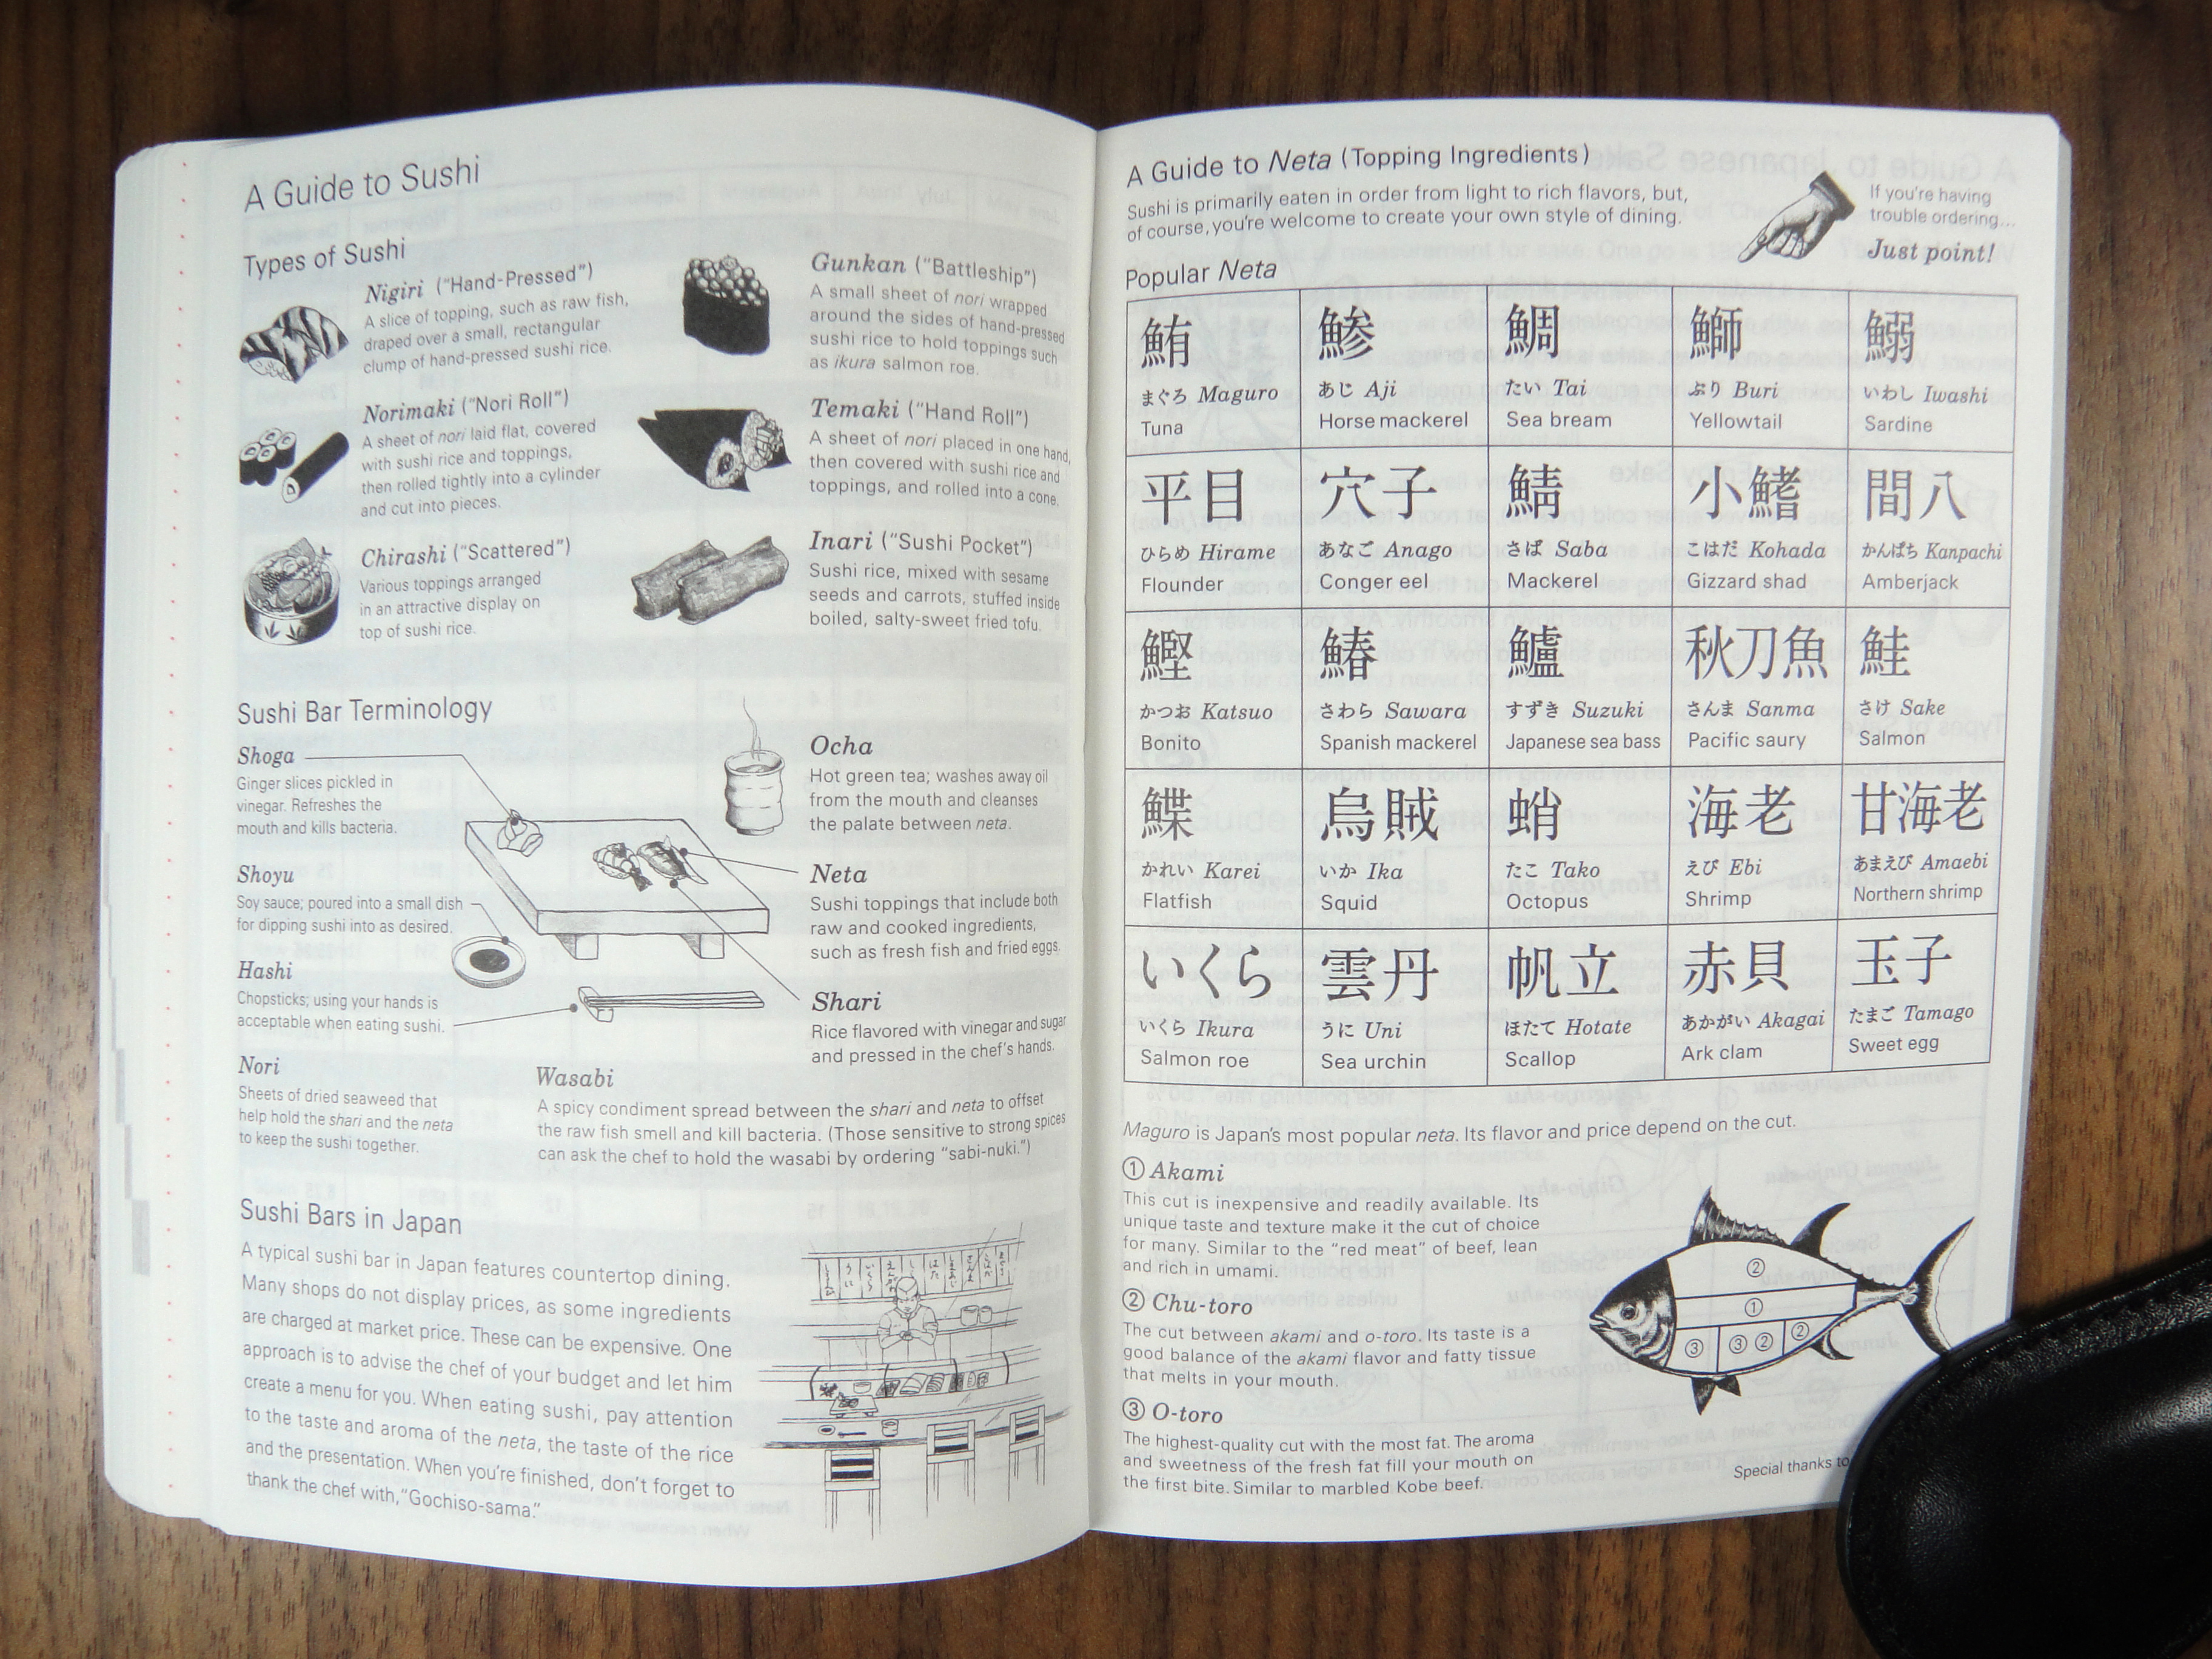 Sushi Guide...I particularly like the part on the top right pages that says "If you are having trouble ordering....Just point!"
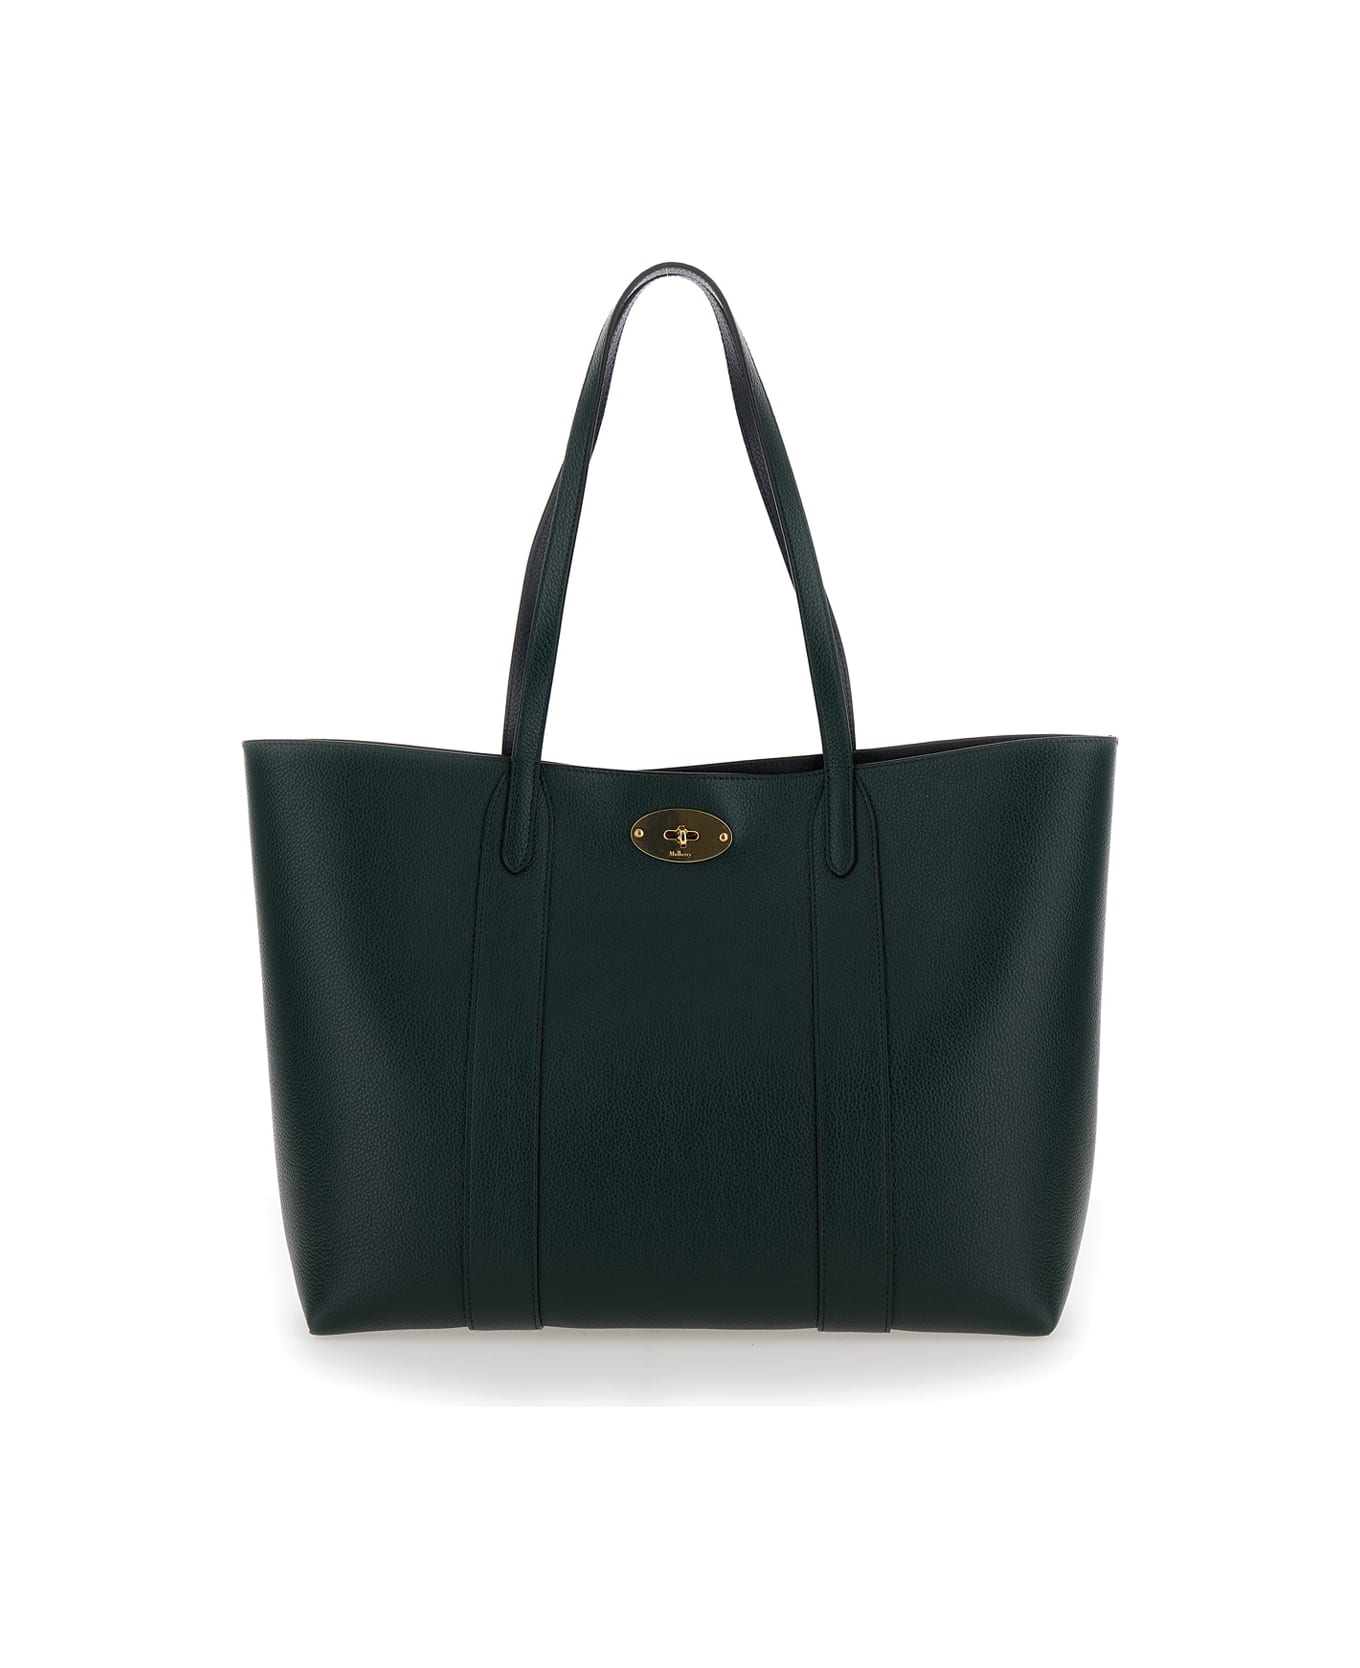 Mulberry 'bayswater Small' Green Tote Bag With Postman's Lock Closure In Leather Woman - Green
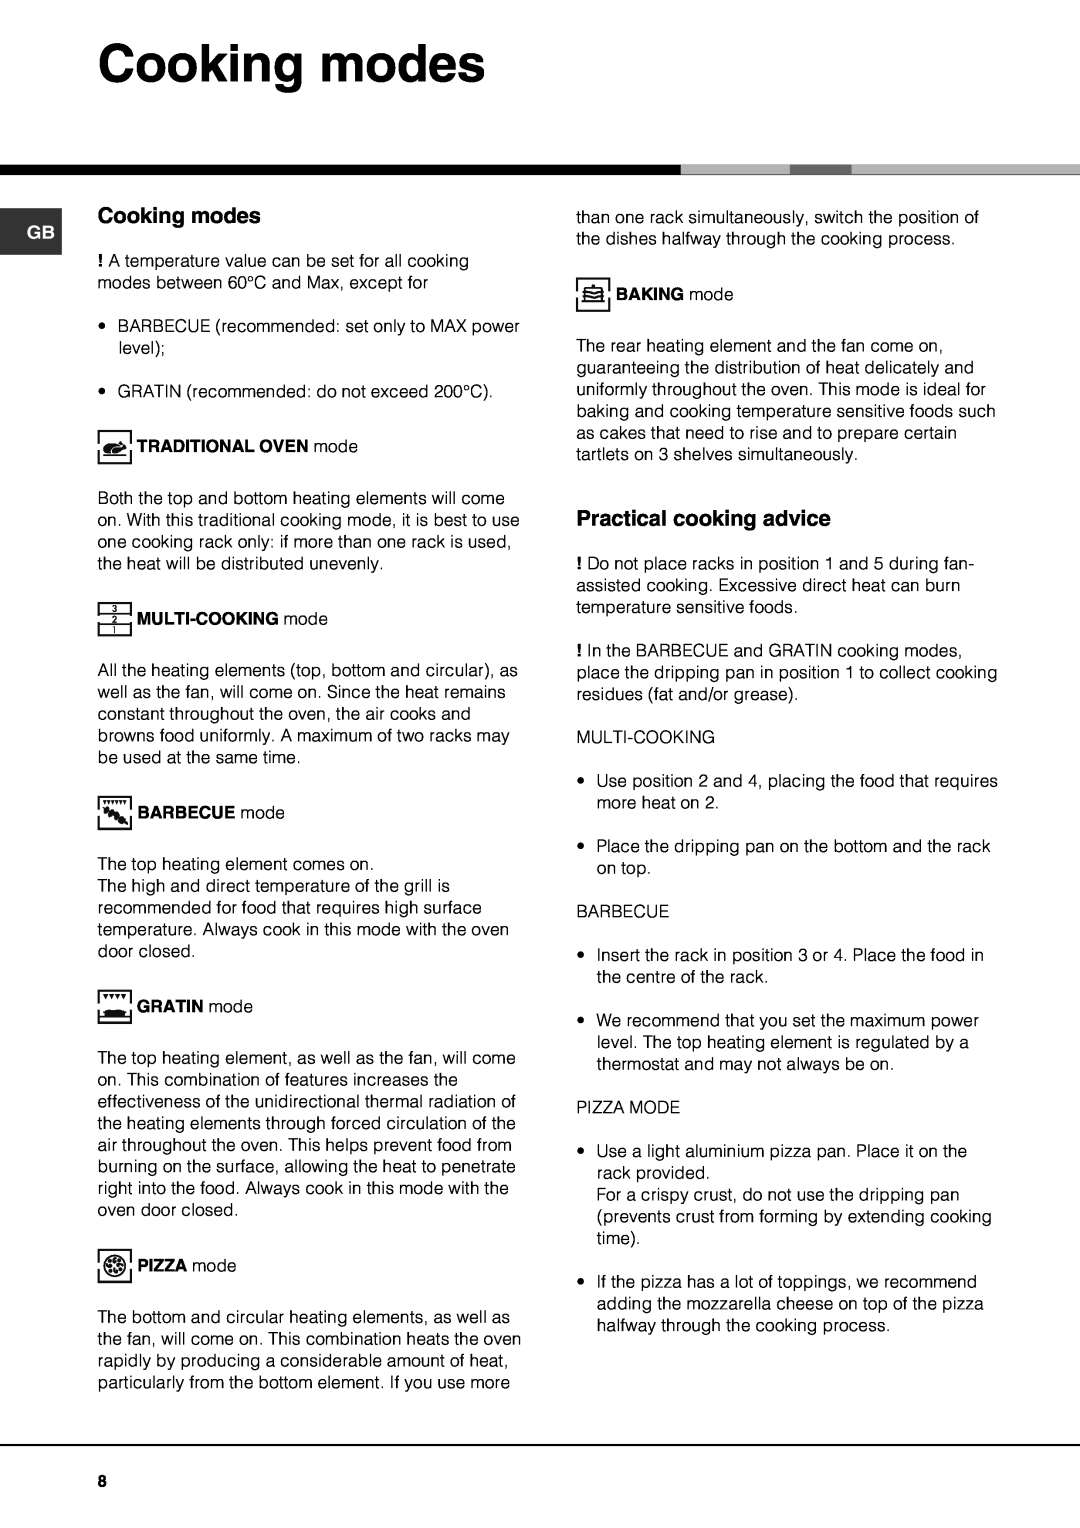 Hotpoint SE61X operating instructions Cooking modes, Practical cooking advice

━━━━━━

Print the preceding material over again exactly. Please leave the pictures out.

 Sushi Guide...I particularly like the part on the top right pages that says "If you are having trouble ordering....Just point!"
 Mulberry 'bayswater Small' Green Tote Bag With Postman's Lock Closure In Leather Woman - Green
 Hotpoint SE61X operating instructions Cooking modes, Practical cooking advice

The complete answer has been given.